The past few months have been pretty busy at OpenCorporates, with literally hundreds of commits, improvements, bugfixes and tweaks. The underlying search has been improved (with more improvements planned), we’re now pulling in more data about companies, and we’ve added more countries too.
…Or rather, we’ve added more jurisdictions, as it’s not just countries that register companies. In the US, for example, companies are registered by the States rather than the Federal government, and last month we added the first of the US States, somewhat arbitrarily choosing Michigan, with just shy of a million companies.
This meant we needed to choose the short name structure we were going to use for the states/jurisdictions, and in the end, following suggestions from users, we went for ISO 3166-2, or rather an lower-case underscore version of it. So a Michigan company with company number 090657 (LA-Z-BOY INCORPORATED, since you ask) would have the URL of http://opencorporates.com/companies/us_mi/090657 (and in the linked data world has the resource uri of http://opencorporates.com/id/companies/us_mi/090657). Simple, predictable, guessable and meaningful.
Of course, this meant we had to reconsider our use of ‘uk’ to represent, er, UK companies, as the ISO 3166 code for the UK is actually ‘gb’ (and, no, United Kingdom and Great Britain are not the same). After much discussion, we decided to follow ISO standard and go for ‘gb’, and redirect all existing ‘uk’-based URLs to ‘gb’ ones (as we write, the solr search index is rebuilding all the uk companies to appear as gb companies — it’s a big index, but in the next few hours there may be a little strangeness in the filtering, though this doesn’t affect the reconciliation service).
The advantage of this is clear: if you use 3166 or 3166-2 to identify countries and areas (and it seems to be the most wide-spread standard on the web), you can seamlessly guess OpenCorporates URLs. And if you come across OpenCorporates URLs (or linked data URIs) that have been used to identify companies, you will automatically know the country or area we’re referring to.
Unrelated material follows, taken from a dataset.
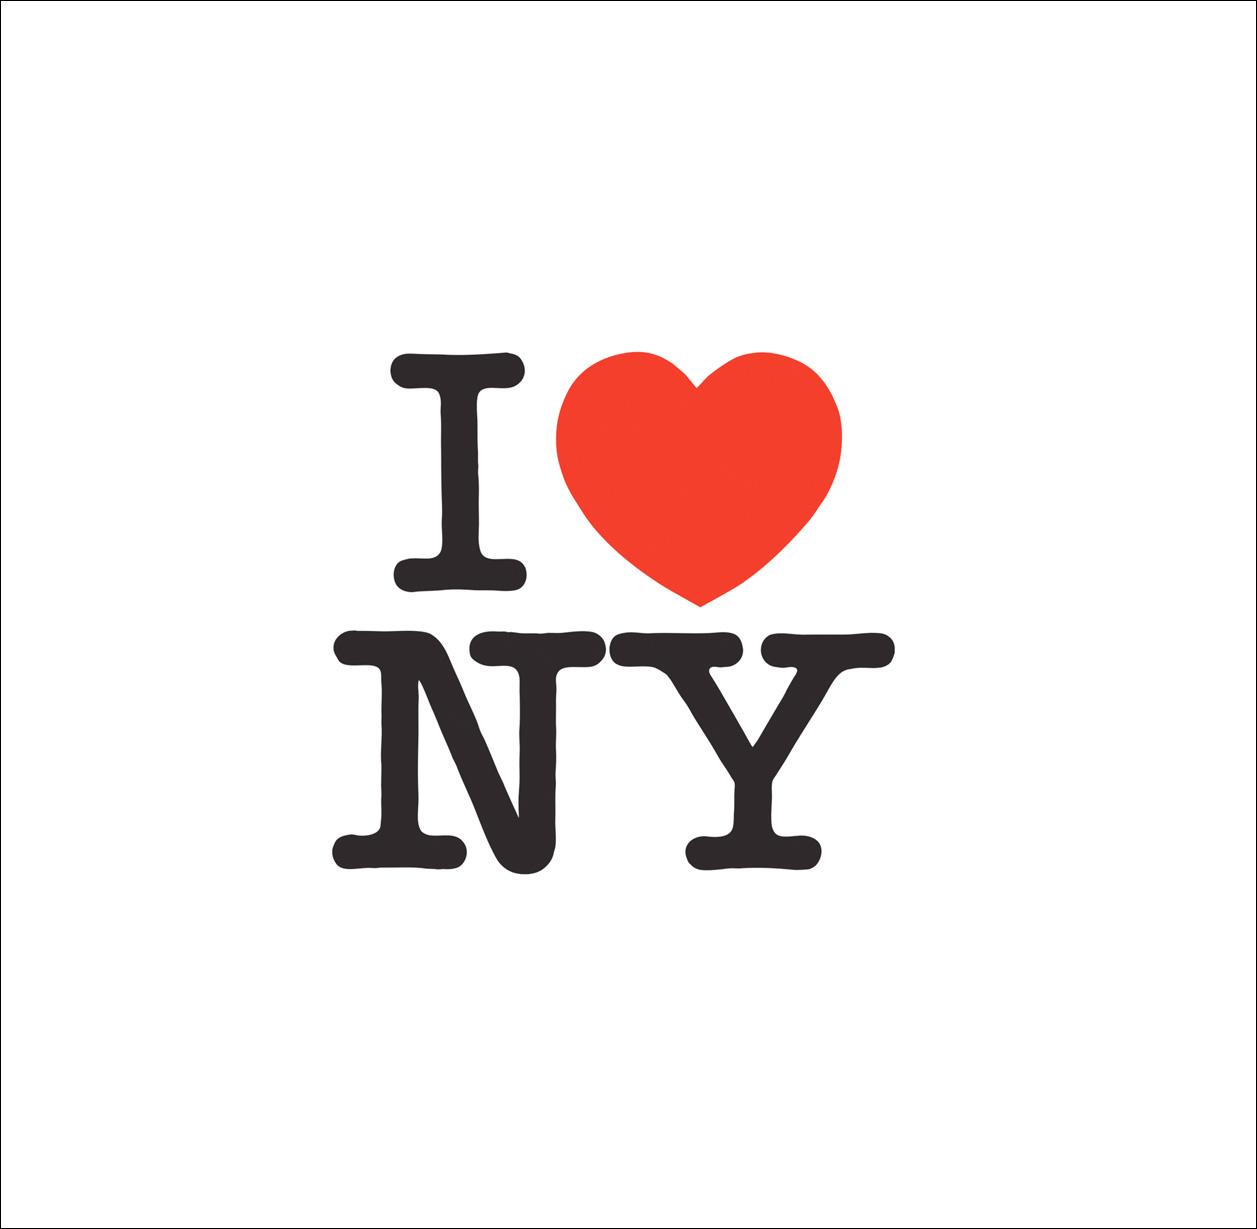 Logo I love NY

Nice, though it is to come up with good URLs, and add millions more companies, we’ve also been adding more data, and in an epic bit of coding Rob wrote an importer for the WIPO trademarks (FTP, huge XML files, etc, etc), and as a consequence we’ve matched trademarks to 9154 companies in all the jurisdictions we’ve got companies for. And as we add more jurisdictions we’ll also be matching up more trademarks to the companies that own them.
Finally, we’ve also been hearing of OpenCorporates being used in some interesting situations to quickly search for companies, including in some offshore tax offices to help identify companies in other offshore territories :-). Do let us know of other similar uses.
p.s. We’ll be at the Open Data Campaigning Camp on March 24 in Oxford, to show how the reconciliation service can be used by campaigning groups.